DuMate-DeepResearch: 再帰的探索とルーブリック基盤の推論による監査可能なマルチエージェントシステム

要旨

Deep Research（DR）は、複雑で自由度の高い研究タスクに取り組むための新たなエージェント的パラダイムとして登場し、問題を反復的に枠組みし、エビデンスを収集し、情報源を検証し、長文レポートを合成するシステムを必要としています。しかし実際には、現在のDRシステムは4つの相互に関連する制約、すなわち範囲が不明確なままの長期的計画、単一エージェントでのタスク分解とスケジューリングのボトルネック、長文合成におけるハルシネーションリスク、そしてプロセス監査可能性の限界に縛られています。本テクニカルレポートでは、Qianfan Agent Foundry上に構築されたマルチエージェントDRフレームワーク、DuMate-DeepResearchを提案します。本フレームワークは、タスク理解、計画、スケジューリングを担当するAgent Coreを、検索、エビデンス収集、レポート生成のための拡張可能なツールエコシステムから分離し、すべての中間判断とツール呼び出しを明示的に追跡可能にします。この基盤の上で、DuMate-DeepResearchはさらに3つのメカニズムを導入します。(i) グラフベースの動的計画戦略により、研究ロードマップを粗から密へと拡張し、振り返り、再計画、バックトラッキング、並列ブランチングを通じて継続的に修正します。(ii) 再帰的二段階実行設計により、複雑な検索サブタスクをそれぞれ独自の計画ループを持つ内部のSearch Agentに委譲し、ノイズの多い検索を分離して長期実行を安定化します。(iii) ルーブリックベースのテスト時最適化メカニズムにより、タスク固有の品質基準を動的に生成し、それらをエビデンスに基づく合成と適応的停止のための動的推論の足場として活用します。2つのディープリサーチベンチマークにおいて、DuMate-DeepResearchは新たな最高水準の結果を達成しました。DeepResearch Benchでは総合スコア58.03%、DeepResearch Bench IIでは総合スコア61.95%を記録し、情報再現性と分析評価で首位となりました。

English

Deep Research (DR) has emerged as a new agentic paradigm to tackle complex, open-ended research tasks, demanding systems that can iteratively frame problems, acquire evidence, verify sources, and synthesize long-form reports. In practice, however, current DR systems are constrained by four interrelated limitations: long-horizon planning over an underspecified scope, the bottleneck of decomposing and scheduling such tasks within a single agent, hallucination risk in long-form synthesis, and limited process auditability.
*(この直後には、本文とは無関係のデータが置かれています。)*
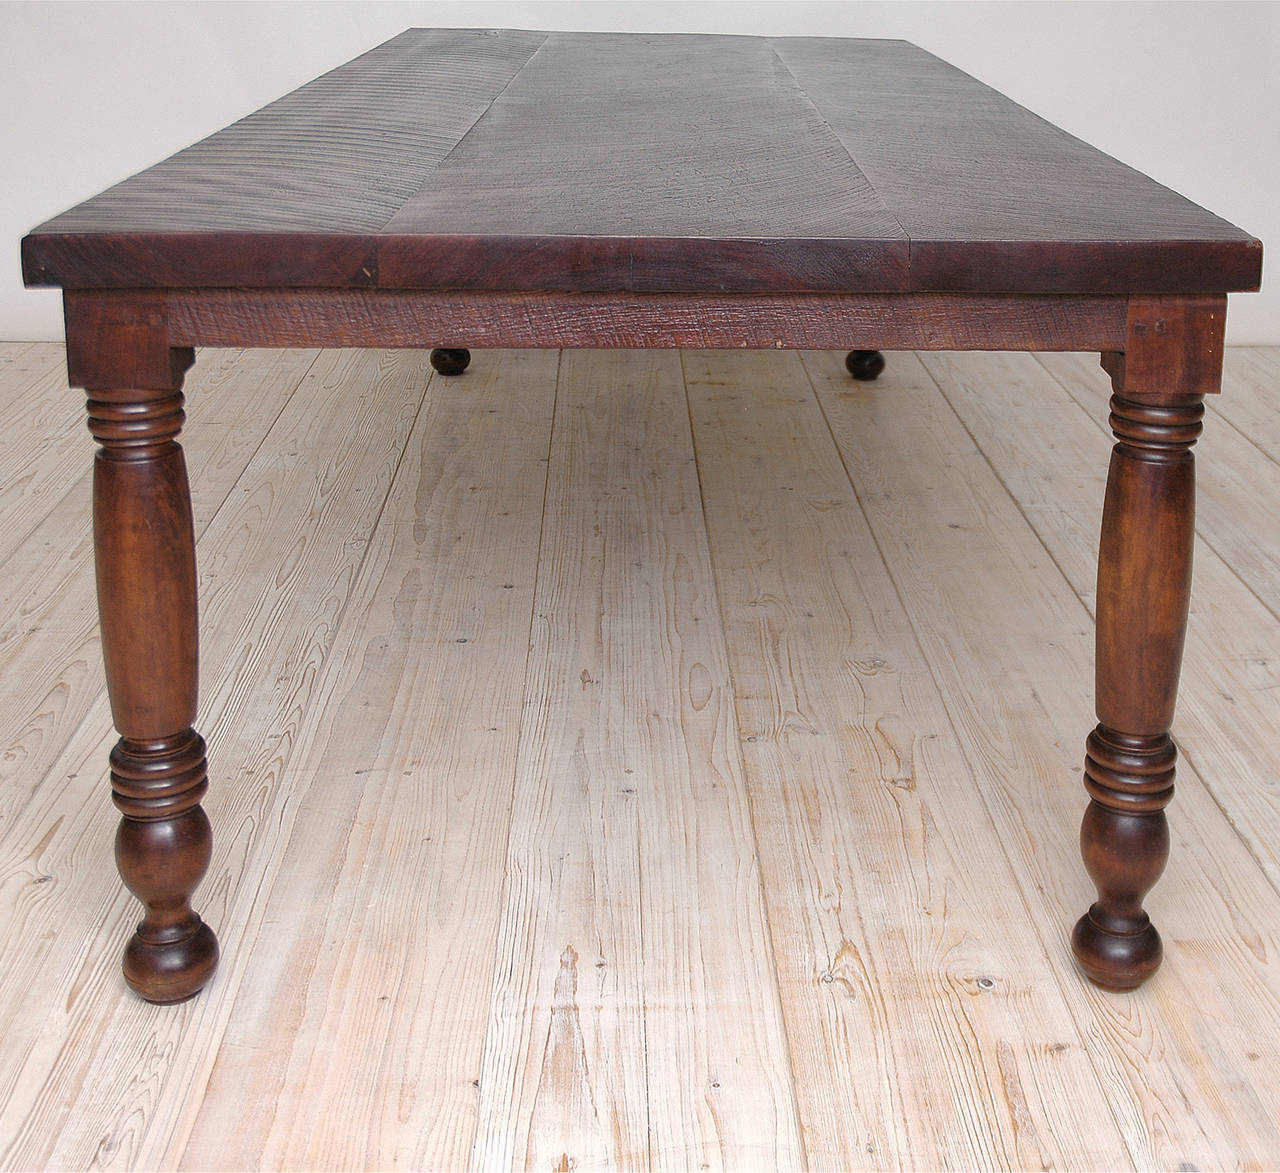 
We are just completing this exact table in American cherry. It is 10' long x 41 1/2

This technical report presents DuMate-DeepResearch, a multi-agent DR framework built on the Qianfan Agent Foundry. The framework decouples the Agent Core, which handles task understanding, planning, and scheduling, from an extensible Tool Ecosystem for retrieval, evidence acquisition, and report rendering, making every intermediate decision and tool invocation explicitly traceable. Building on this infrastructure, DuMate-DeepResearch further introduces three mechanisms: (i) a graph-based dynamic planning strategy expands the research roadmap coarse-to-fine and continuously revises it through reflection, re-planning, backtracking, and parallel branching; (ii) a recursive two-level execution design delegates each complex search sub-task to an inner Search Agent that runs its own planning loop, isolating noisy retrieval and stabilizing long-horizon execution; (iii) a rubric-based test-time optimization mechanism dynamically generates task-specific quality criteria and uses them as live reasoning scaffolds for evidence-grounded synthesis and adaptive stopping. Across two deep research benchmarks, DuMate-DeepResearch establishes new state-of-the-art results: the best overall score (58.03%) on DeepResearch Bench, and the best overall score (61.95%) on DeepResearch Bench II while ranking first in information recall and analysis.